OpenCGA is an open-source platform that aims to provide a full stack solution for big data analysis and visualisation of genomic data. OpenCGA has been designed to provide a secure, high-performance and scalable solution. OpenCGA covers all aspects of genomic analysis: metadata database, authentication and security, variant normalisation and aggregation, variant annotation, highly scalable variant NoSQL storage engine, alignment and coverage, big data variant analysis, RESTful web services, visualisation
OpenCGA is developed and maintained in the University of Cambridge and it is currently used by several big data projects such as GEL (Genomics England).

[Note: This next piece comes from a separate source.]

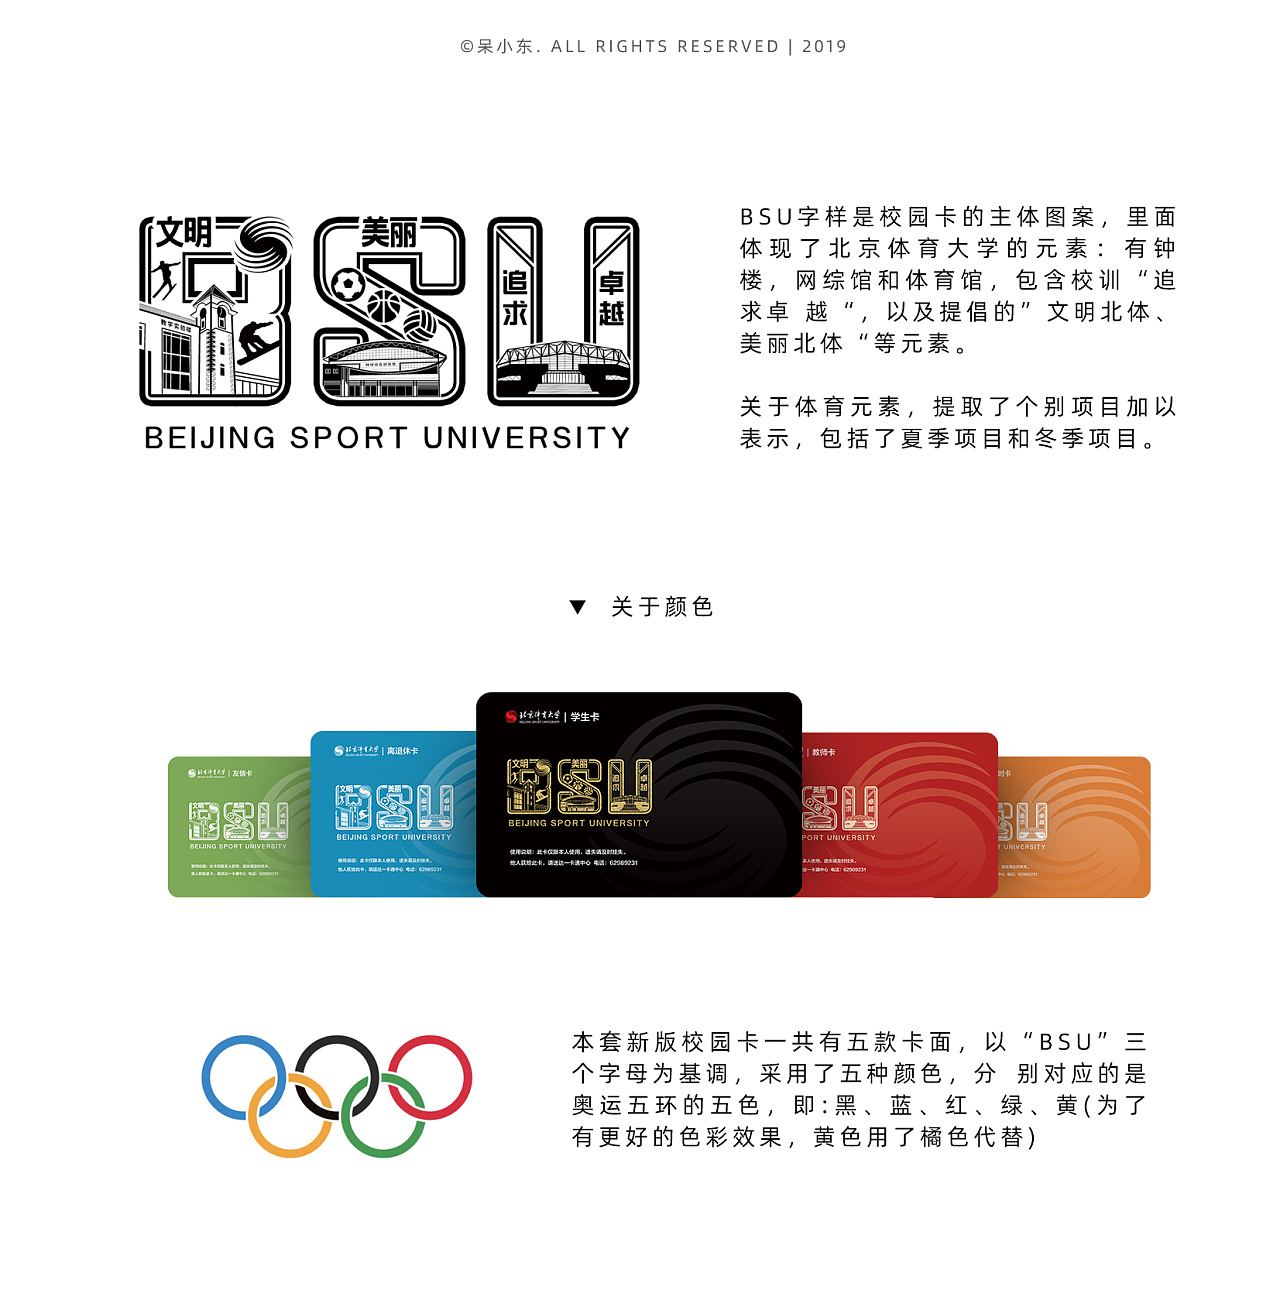 北京体育大学新版校园卡设计

In this section you will find a summary of the main features of OpenCGA.
Catalog Metadata and Security
OpenCGA Catalog is one of the most important components. Catalog implements the data models, allow custom annotations, implement permissions, ... An audit system has also been implemented.
Catalog Data Models and Annotations
- Rich data models implemented for studies, files, samples, individuals, families, ...
- Advanced free data model implemented for storing custom annotations such as stats or clinical data from patients. Users can define confidential annotations only visible for authorised users.
- Catalog database has been implemented using MongoDB to provide a high-performance and scalable query engine.
- Catalog can use Solr as a secondary index to calculate complex annotations and stats.
Authentication and Permissions
- OpenCGA comes with a built-in authentication system. Other systems are also supported such as LDAP or Microsoft Azure AD (under development). Authentication tokens use JWT standard which facilitate the creation of federated systems.
- Advanced and efficient resource permission system implemented in Catalog. You can define different permissions such as VIEW, WRITE or DELETE at study level or at any specific document. This allow to share data with other users. More information at Sharing and Permissions.
OpenCGA can manage alignment data. BAM files can be indexed and coverage calculated.
- Query indexed BAM files, allowed filters include by region, mapping quality, number of mismatches, properly paired, ...
- GA4GH data model used for alignments
- Google gRPC is used as an alternative to REST (JSON) to improve performance.
- Coverage can be calculated and stored in a BigWig file.
- Coverage queries at any window size or zoom.
OpenCGA provides a framework for implementing big data variant storage engines which support: real-time queries, interactive complex data aggregations, full-text search, variant analysis, ... The framework takes care of several common operations such as variant normalisation, sample genotype aggregation, variant stats calculation, variant annotation, secondary indexing or in-memory cache. Two different engines are implemented using NoSQL databases: MongoDB and HBase. A secondary index using Solr is nicely integrated with the two implementations. By implementing variant storage engines with NoSQL databases we ensure a fast response time and high concurrent queries.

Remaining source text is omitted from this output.